I have been bit less productive with my "extra-curricular" activities (open source coding, writing blogs) lately. This is mostly due to intense focus on my paying daytime job, and is part of the natural cycle of things for me.
But altohugh I have had bit less time and energy to spend on these tasks, I have had relatively more time to think about things. It turns out that amount of time I have to think about things does not quite correlate with amount of time to do things (which is interesting thing in its own right, but maybe worth a separate blog entry). More thinking often leads to having more ideas for writing blog entries; even if writing activity itself is still constrained by time crunch.

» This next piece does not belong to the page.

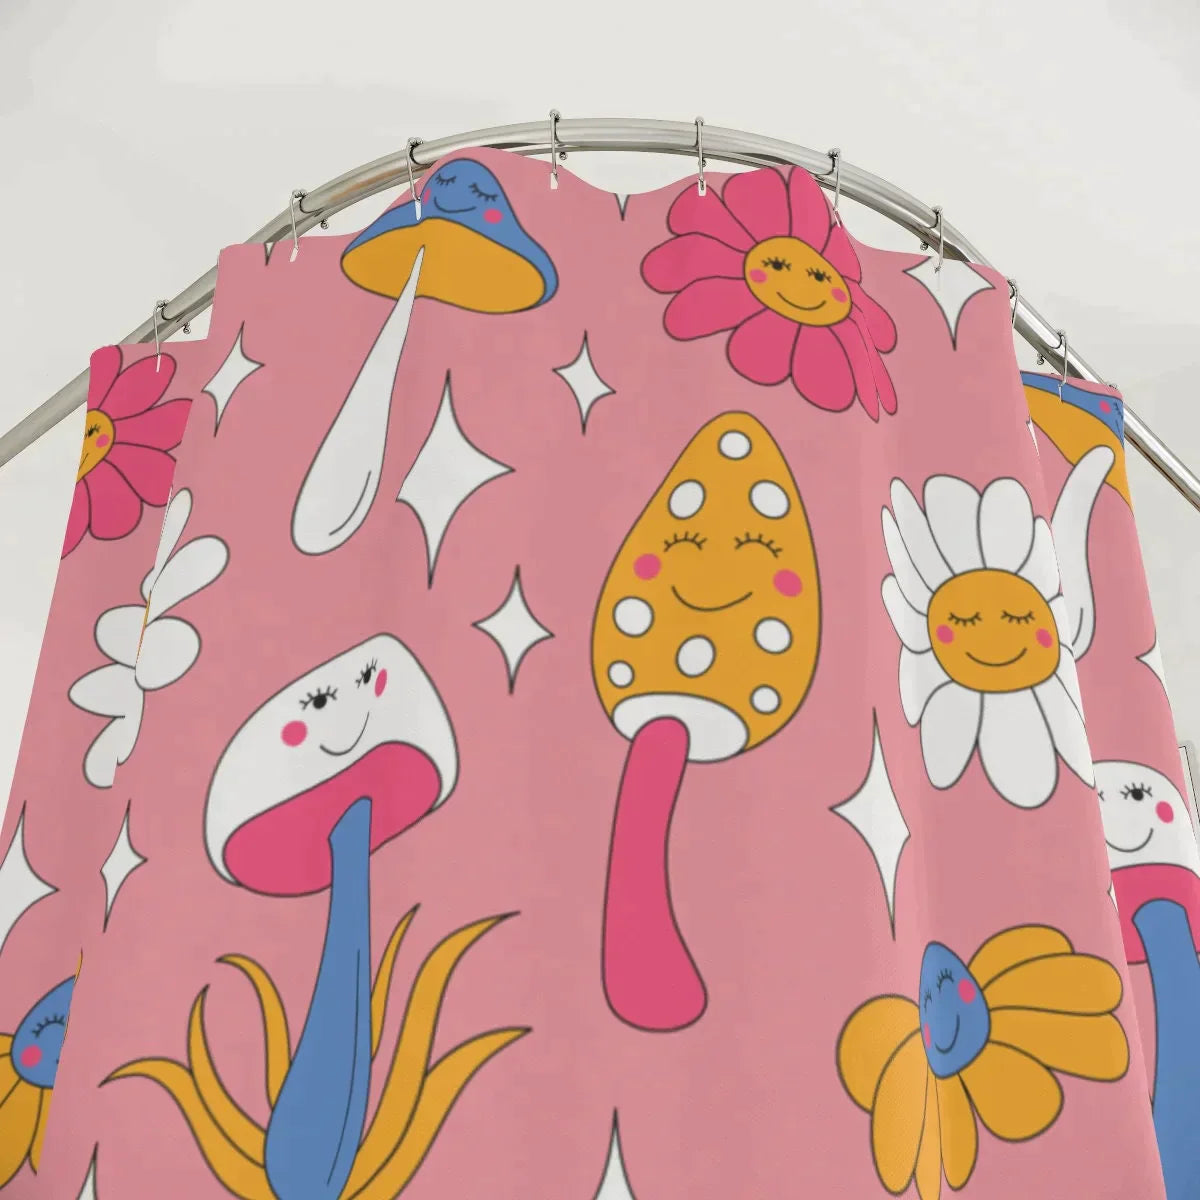 Boho Shower Curtain, Bobo Pink Mushroom Curtain, Daisy Bathroom Accessories, Housewarming Gift, Hippie Decor, Extra Long Shower Curtain

1. FIFO as a priorization mechanism

Anyway: I have realized that a fundamental operating principle that I have with respect to managing my open source projects -- tasks within projects, relative focus between projects -- is that of trying to tackle oldest issues first. Good old First-in-First-out (FIFO) queuing of things.
Except for high-priority urgent bug fixes, which I generally fast track (but which fortunately are not very common), I do try to increase priority of issues that have not been fixed. This is actually quite different from many task priorization methods (even if it's well-known algorithm for operating system process priorization), but which I feel is an important part of maintaining "culture of excellence", ensuring that qualtity of project output remains high. And to reduce risk of letting most of your open source projects stagnate to death.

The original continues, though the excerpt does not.